# Provided data
================

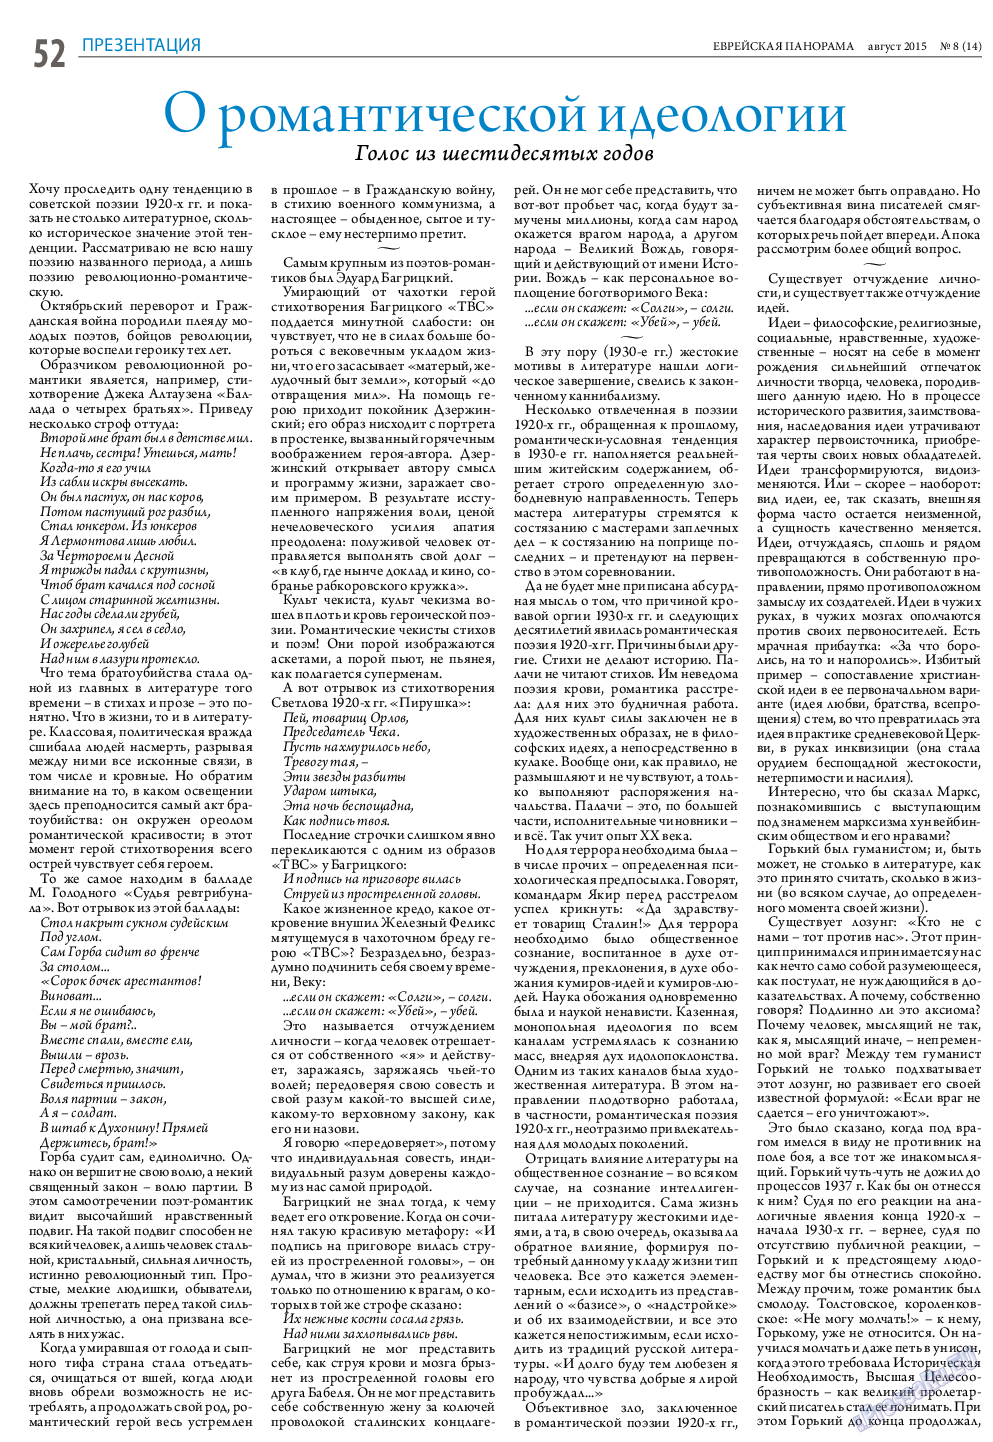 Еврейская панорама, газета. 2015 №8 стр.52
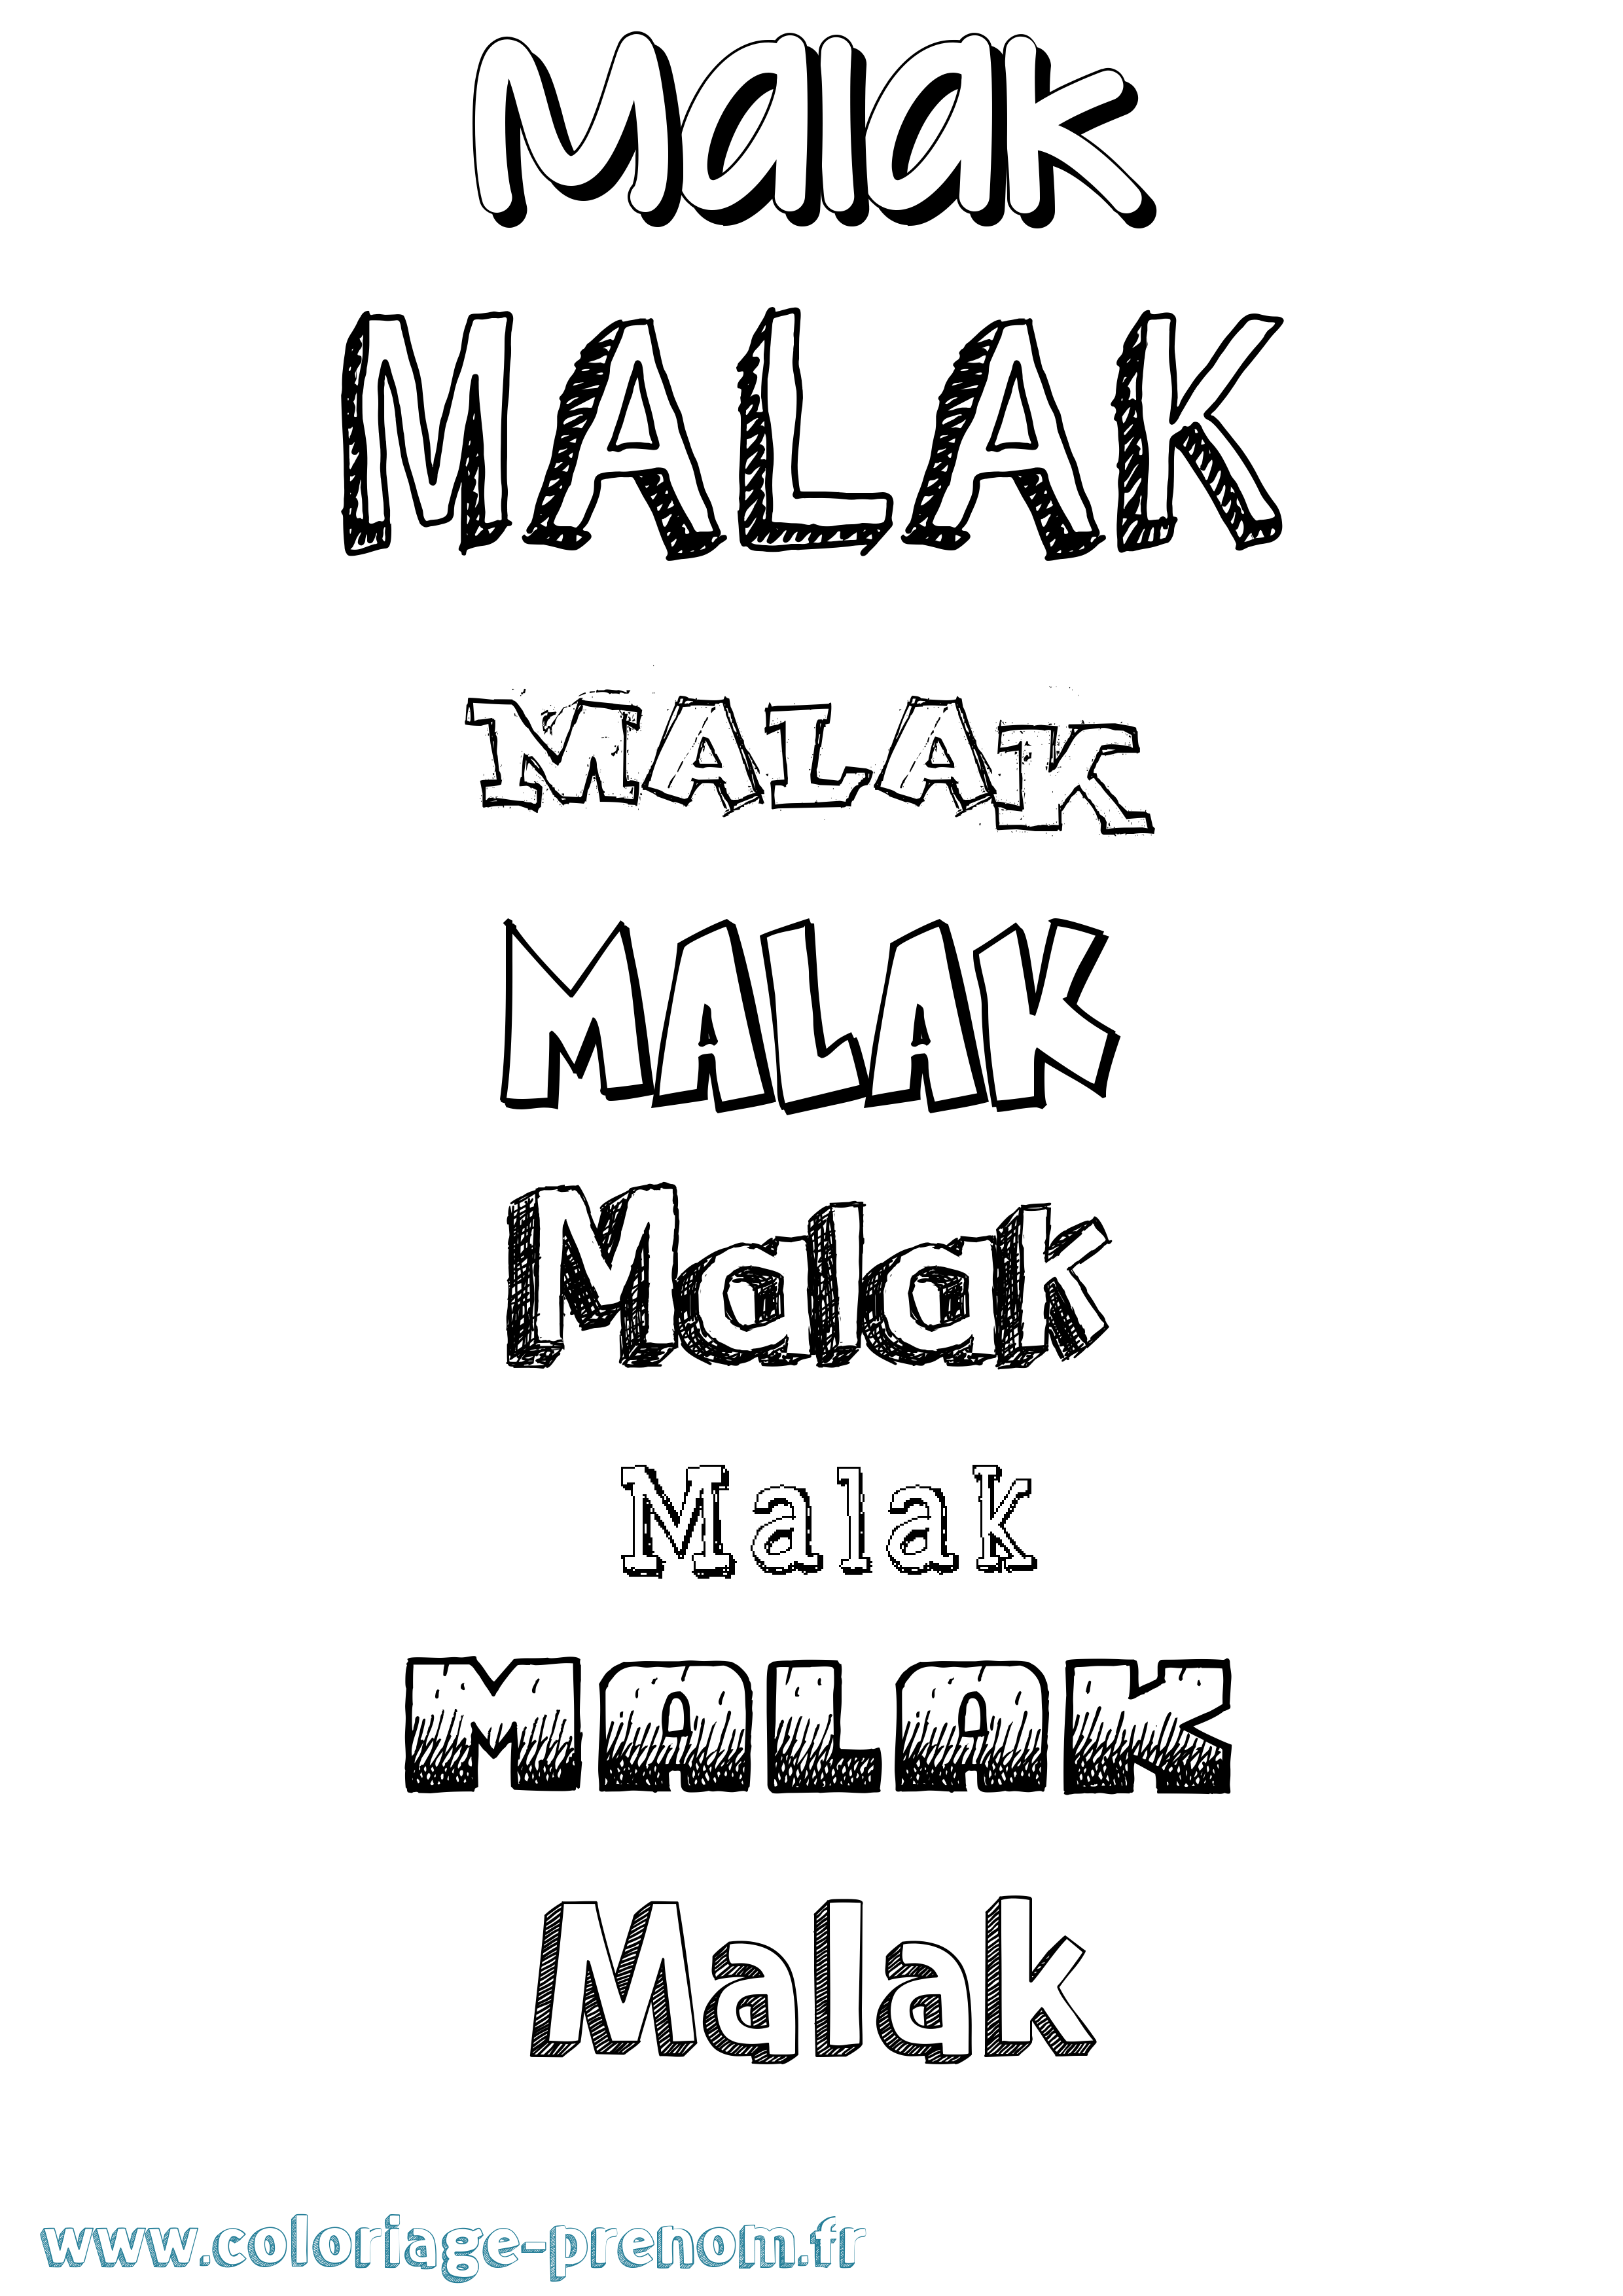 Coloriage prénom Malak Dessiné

================

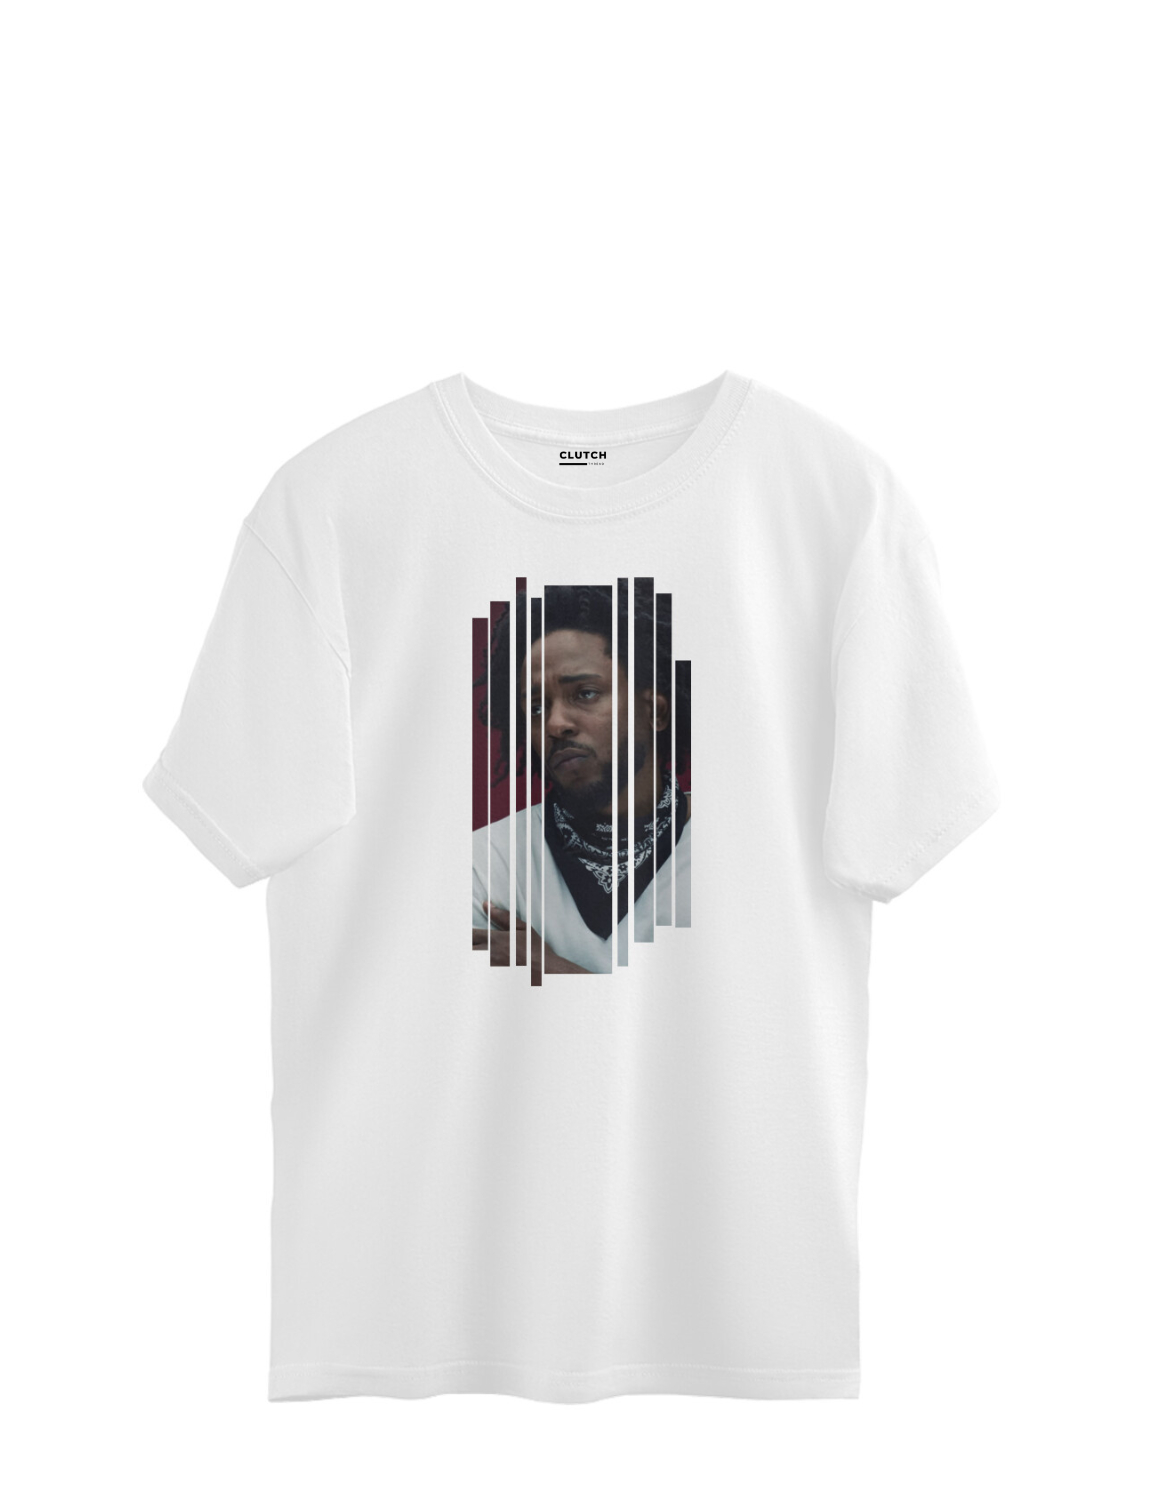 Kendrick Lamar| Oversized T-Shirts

================

An exact copy is needed of the entries above, starting at the line that holds "Еврейская панорама, газета. 2015 №8 стр.52" and stopping at the line that holds "Coloriage prénom Malak Dessiné", both kept; pictures stay out.

 Еврейская панорама, газета. 2015 №8 стр.52
 Coloriage prénom Malak Dessiné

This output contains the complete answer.